I am so grateful that a few years ago 2BC decided to engage in deep, serious, and thoughtful discernment about its stance on LGBTQ+ inclusion. I am even more grateful that 2BC discerned that God’s Good Future includes the LGBTQ+ community not in spite of their sexual or gender identities, but because of their sexual and gender identities. And I am grateful that 2BC has put its discernment into action. We see LGBTQ+ 2BC members leading worship, participating in committees, and being ordained as Deacons and ordained for the Gospel Ministry. Because 2BC has chosen to “say gay”- to speak up about the Image of God that exists in the LGBTQ+ community-, it has created a space that is extremely unique in the State of Arkansas. It has created a space where the children and youth of Second Baptist can see LGBTQ+ people fully involved in the life of the church. It has created a space where those same children and youth who may discern for themselves that they are members of the LGBTQ+ community have an open and affirming church that will not ask them to be anyone else than who they were created and called by God to be. And thanks be to God for that.
But there is more to be done. It is good and right that 2BC has embraced a Gospel of full inclusion within our own walls and ministries. However, the time is here when we must speak out and advocate for that Gospel and those people beyond these walls. What happens in Florida rarely stays in Florida. Hurtful and dangerous anti-trans legislation has already been passed into law here in Arkansas and some politicians are boasting of getting it passed. And we can be quite certain that a “Don’t Say Gay” bill is on its way to the General Assembly in addition to other legislation that hatefully and maliciously targets the LGBTQ+ community in Arkansas. 2BC must continue to stand with and advocate for the people with whom Jesus would stand with and advocate for. I have no doubt that 2BC will do so, but there is a long road ahead.

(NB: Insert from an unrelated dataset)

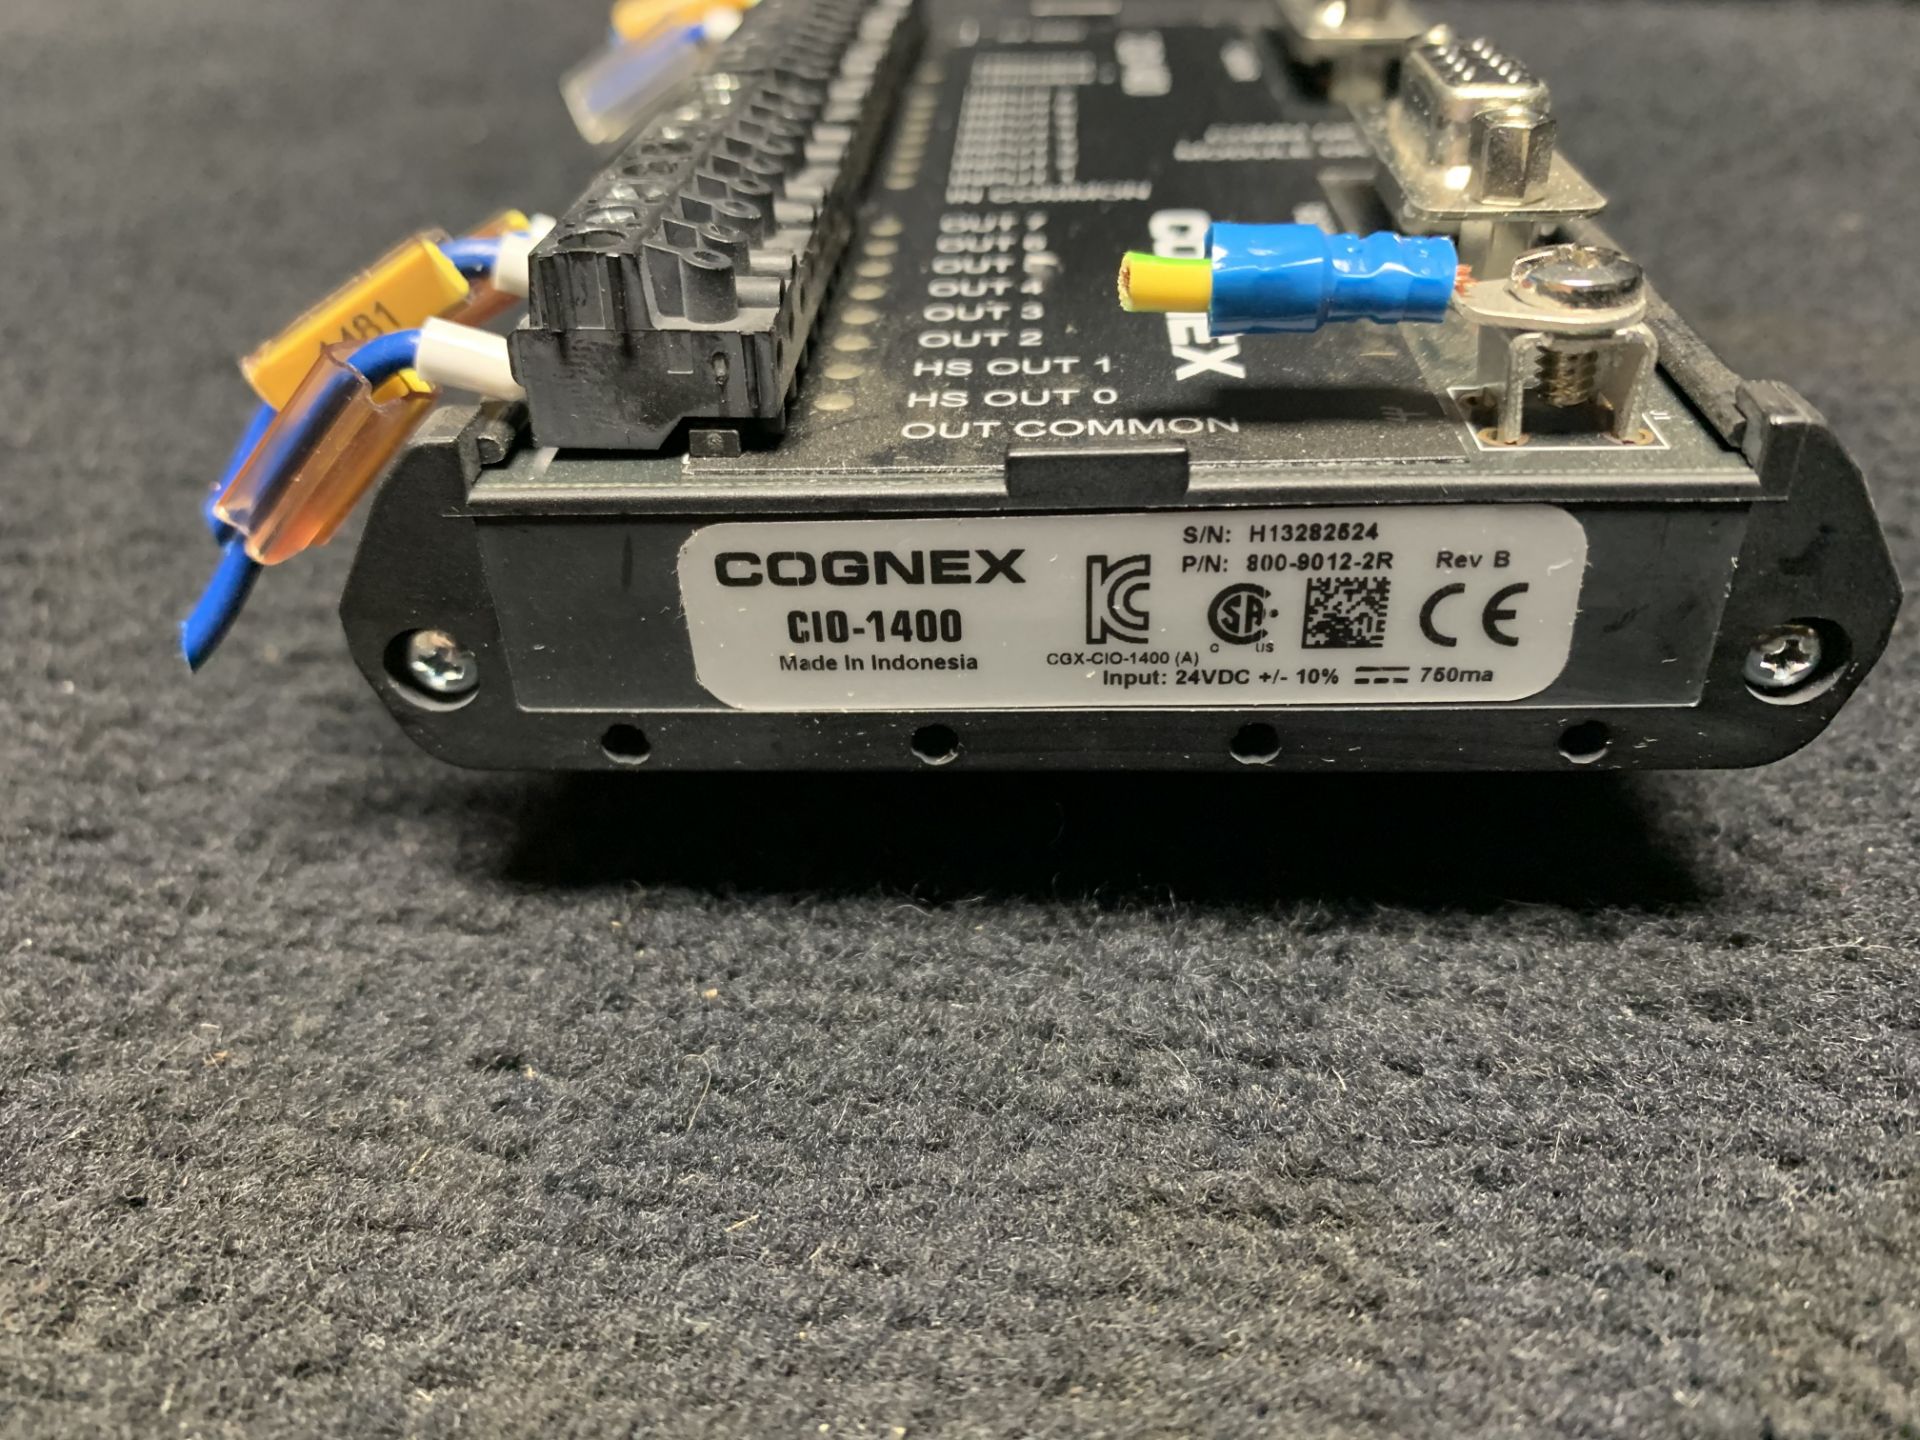 COGNEX DVT CIO-1400 PLC EXPANSION MODULE, 24 VDC 750 MA DIN RAIL MOUNT EXPANSION MODULE 800-9012-2R - Bild 2 aus 7

And that’s why at 2BC we must continue to “Say Gay”. We must continue to create spaces that are safe and affirming and loving for those of us who are members of the LGBTQ+ community. We must continue to be an ally and fight for the lives and rights of the LGBTQ+ community in the face of the leviathan of anti-LGBTQ+ legislation. We must continue to “Say Gay” because God does. Because if humans are created in God’s likeness, the God’s likeness consists of being queer and gay and bisexual and lesbian and asexual and trans. And God said all of that was good. And so should we.